Plan for 5 tax returns a year axed
MILLIONS of small businesses are celebrating after ministers shelved plans to force them to file an extra four tax returns a year.
The system was due to be rolled out next April and pilot schemes were under way.
Businesses would have had to file quarterly returns for income tax and National Insurance – plus their annual tax return in January – and would need digital accounting records.
But the plans were axed from the Finance Bill last night as ministers rushed a slimmer version of Philip Hammond’s Budget through Parliament ahead of the General Election.
The omission means the scheme will now be delayed – and potentially scrapped – by the next Government.
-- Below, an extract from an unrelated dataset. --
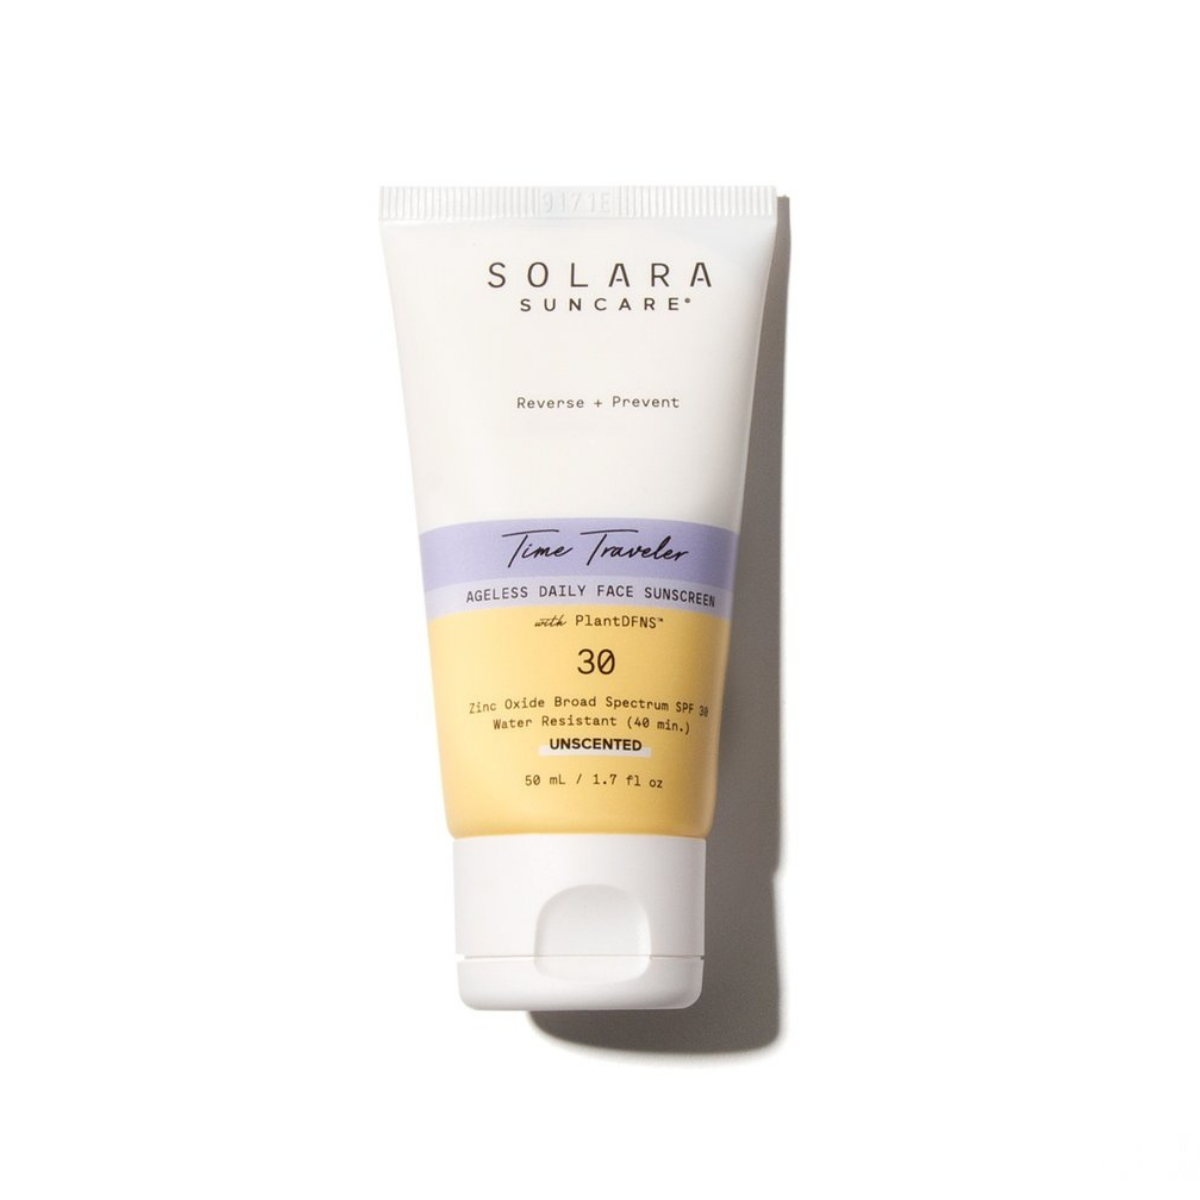 Time Traveler Ageless Daily Face Sunscreen — 1.7 fl oz

Many other policies were axed from the Bill, including a tax raid on the self-employed that slashed the tax dividend allowance from £5,000 to £2,000, along with a clampdown on tax breaks for those with nondomiciled status.
Mike Cherry, national chairman of the Federation of Small Businesses, said: ‘This is a major victory for the self-employed and small businesses against a system which would have disproportionately hit them with extra costs.’ The Treasury Select Committee previously branded the plans ‘over-ambitious’ and raised concerns that the cost of maintaining digital records would hit small firms. The Government insists the Making Tax Digital part of the Finance Bill will reduce accounting errors which cost billions in uncollected tax.
But with only six weeks before the election, there was not enough time properly to debate many of the changes. A new tax on soft drinks with the most added sugar was one of the only parts of the Bill to survive.
The Conservatives will seek to reintroduce the changes to the tax system at the next Budget should they retain power on June 8.